Dean thinks about Mr. Matthews and the failing grades, thinks of his dad, thinks of hunting, thinks of the thrill, the Impala, Sammy, screaming, shouting, books burning, swears and threats and the word _leave_.

“No.”

The word surprises Dean, and Jeff’s eyes soften. “Well, you know, that’s okay. There’s a place for everyone to find out what you wanna do, and where you belong. It might not be here,” Jeff gestures to his poster, “But it’s somewhere. Are you going to apply anywhere, Dean?”

“I, I don’t…” Dean fails. “I can’t pay for it.”

“Some schools will pay for you,” Jeff tells him, and Dean perks up without realizing it. “If you need it.”

“I don’t know.” Dean says, and it seems like his life motto.

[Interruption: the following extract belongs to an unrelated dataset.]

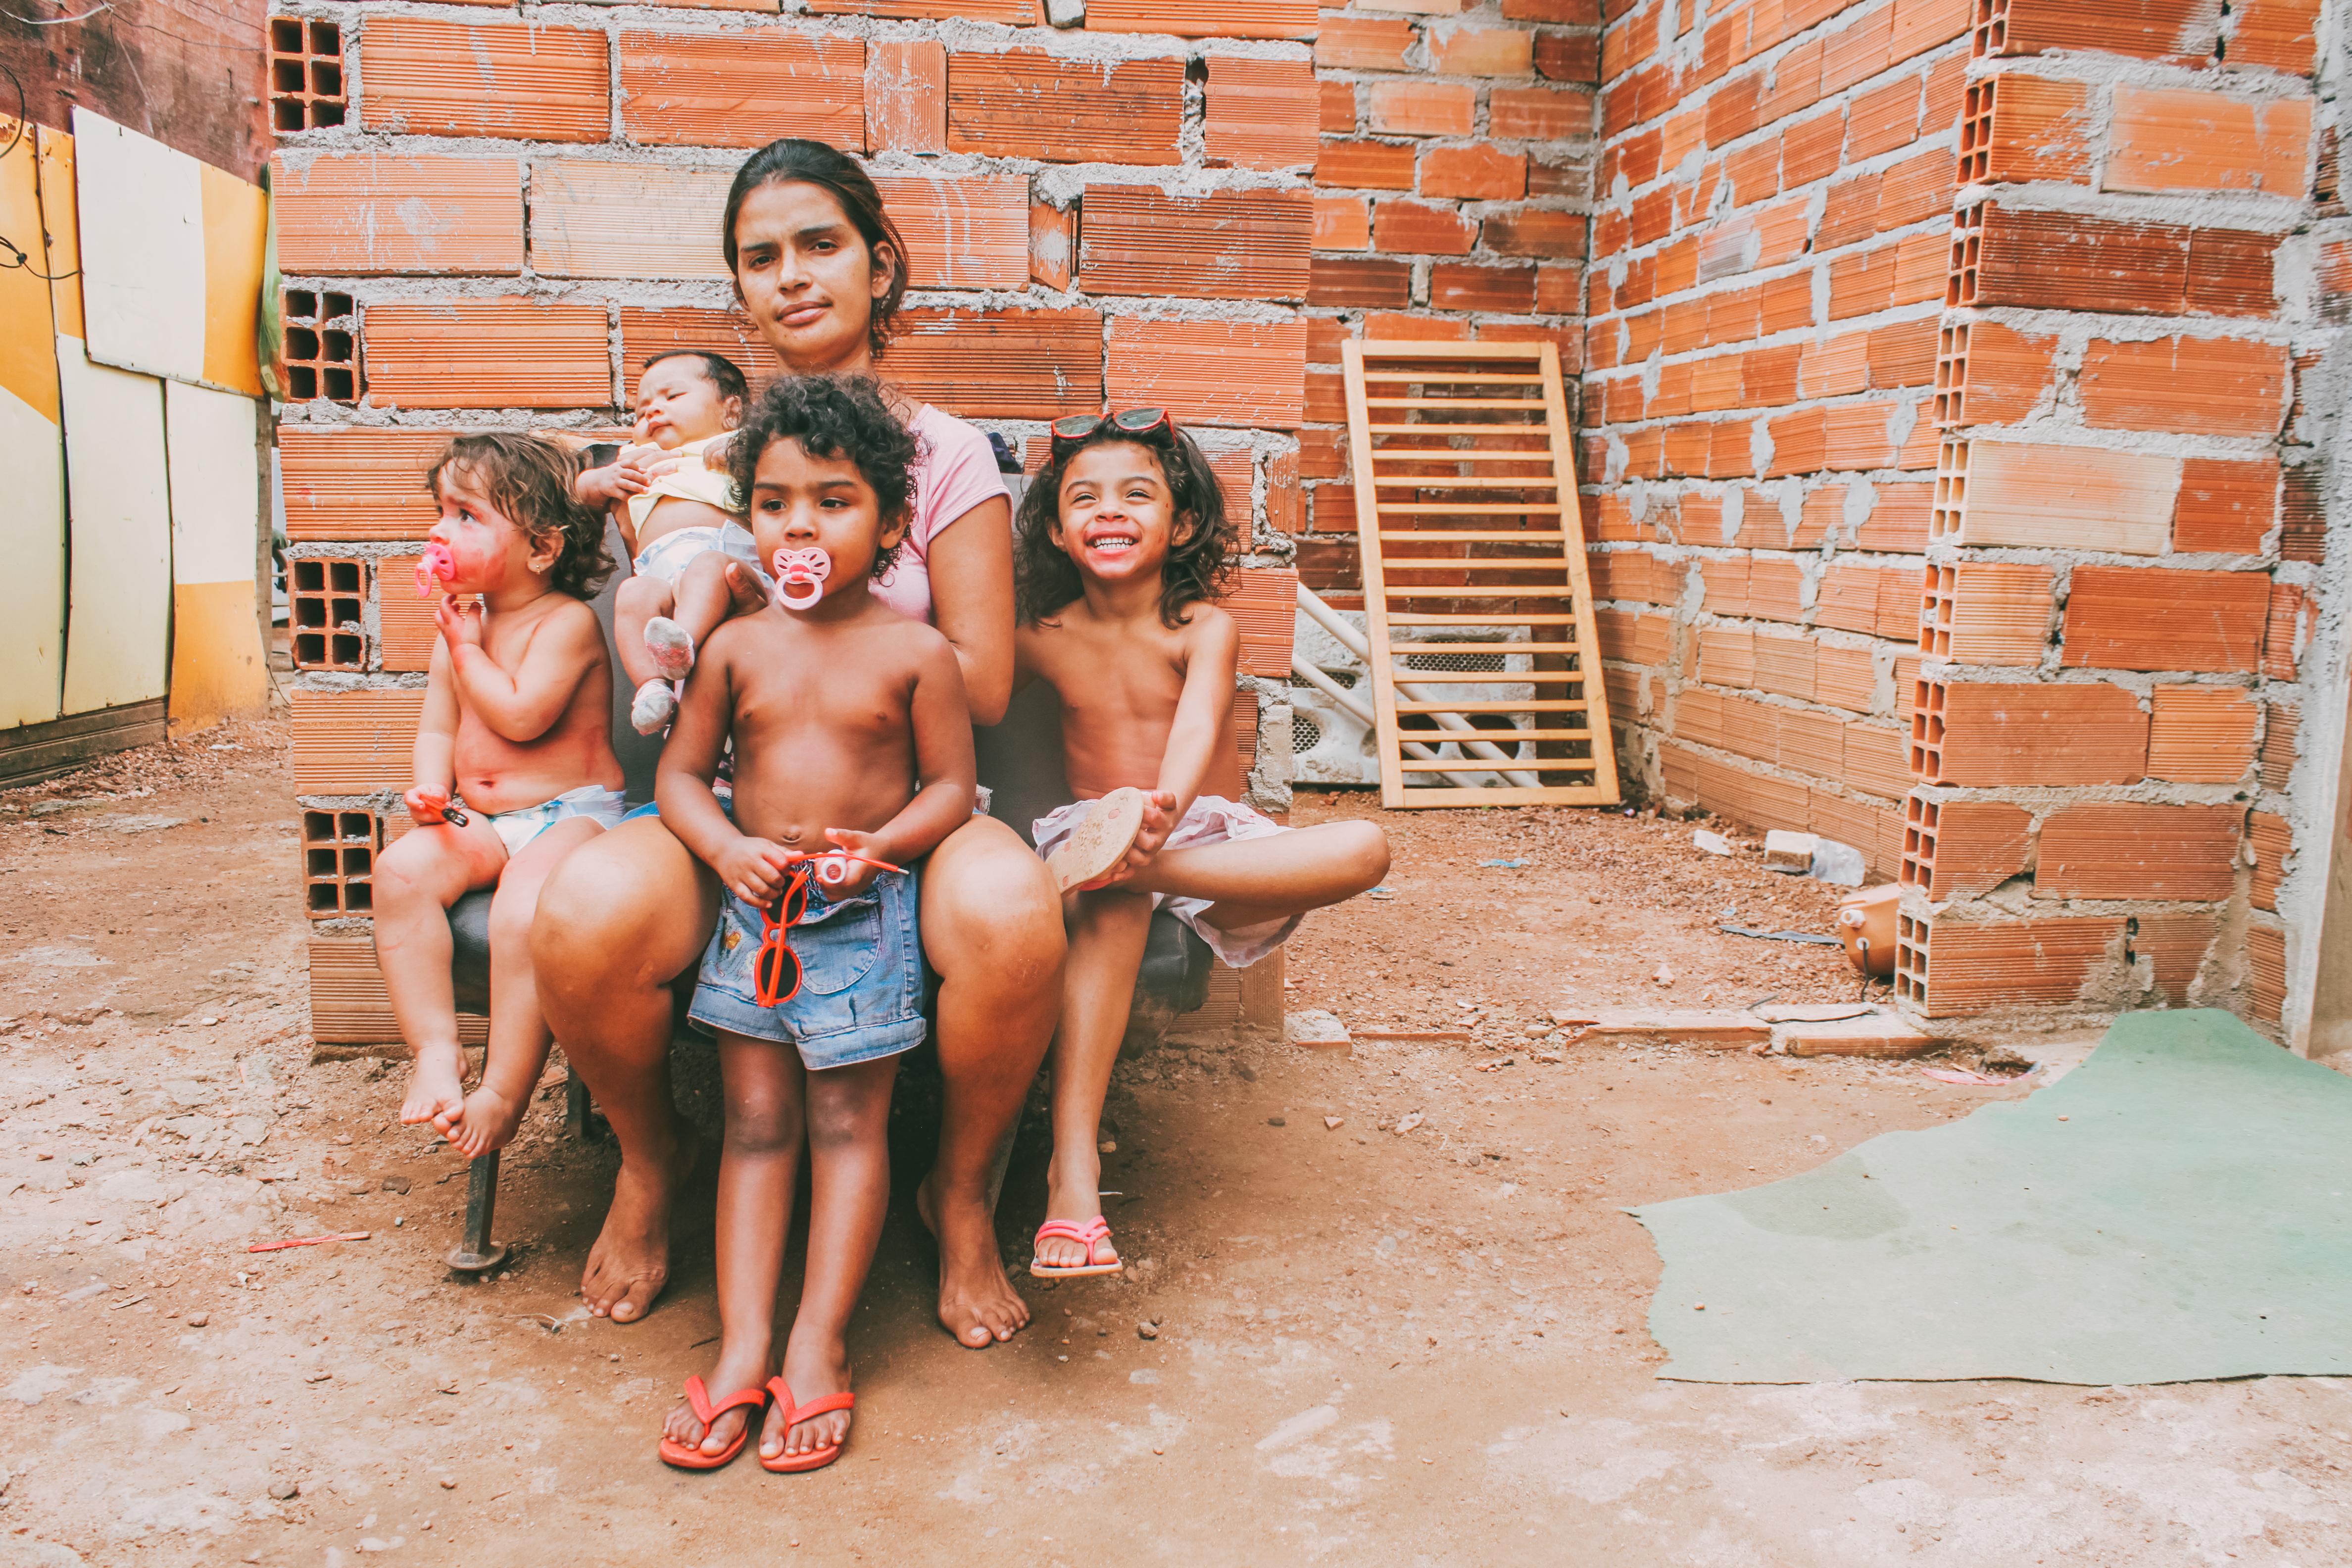 Foto: Geovana Fernandes (10 anos)

“You should.” Jeff says softly when he meets Dean’s eyes. “Like I said, it’s an okay option.” At Dean’s huff, he smiles. “You seem like a good kid.”

“No,” Dean looks at Sam across the gymnasium and smiles. “But I know one.”

.

Dean doesn’t want to _go_ to college–it takes him five nights of sitting against the wall and thinking to come to this–but he just wants to _see_. He just can’t leave his dad and Sammy, no matter how much they could plead or scream at him or at each other. But he thinks that maybe, just maybe, if he could show his dad just one acceptance letter, he’d be less sad about Dean all the time. John has taken to gazing at his eldest and drinking more as Dean’s eighteenth birthday approaches closer and closer, and Dean thinks that perhaps this is what to do about it.

And no matter that Dean is the older brother, he wants Sammy’s pride in him, too. If he applied, and got accepted, well, that’d be enough for Sam. He didn’t have to leave. Sam wouldn’t want him to leave.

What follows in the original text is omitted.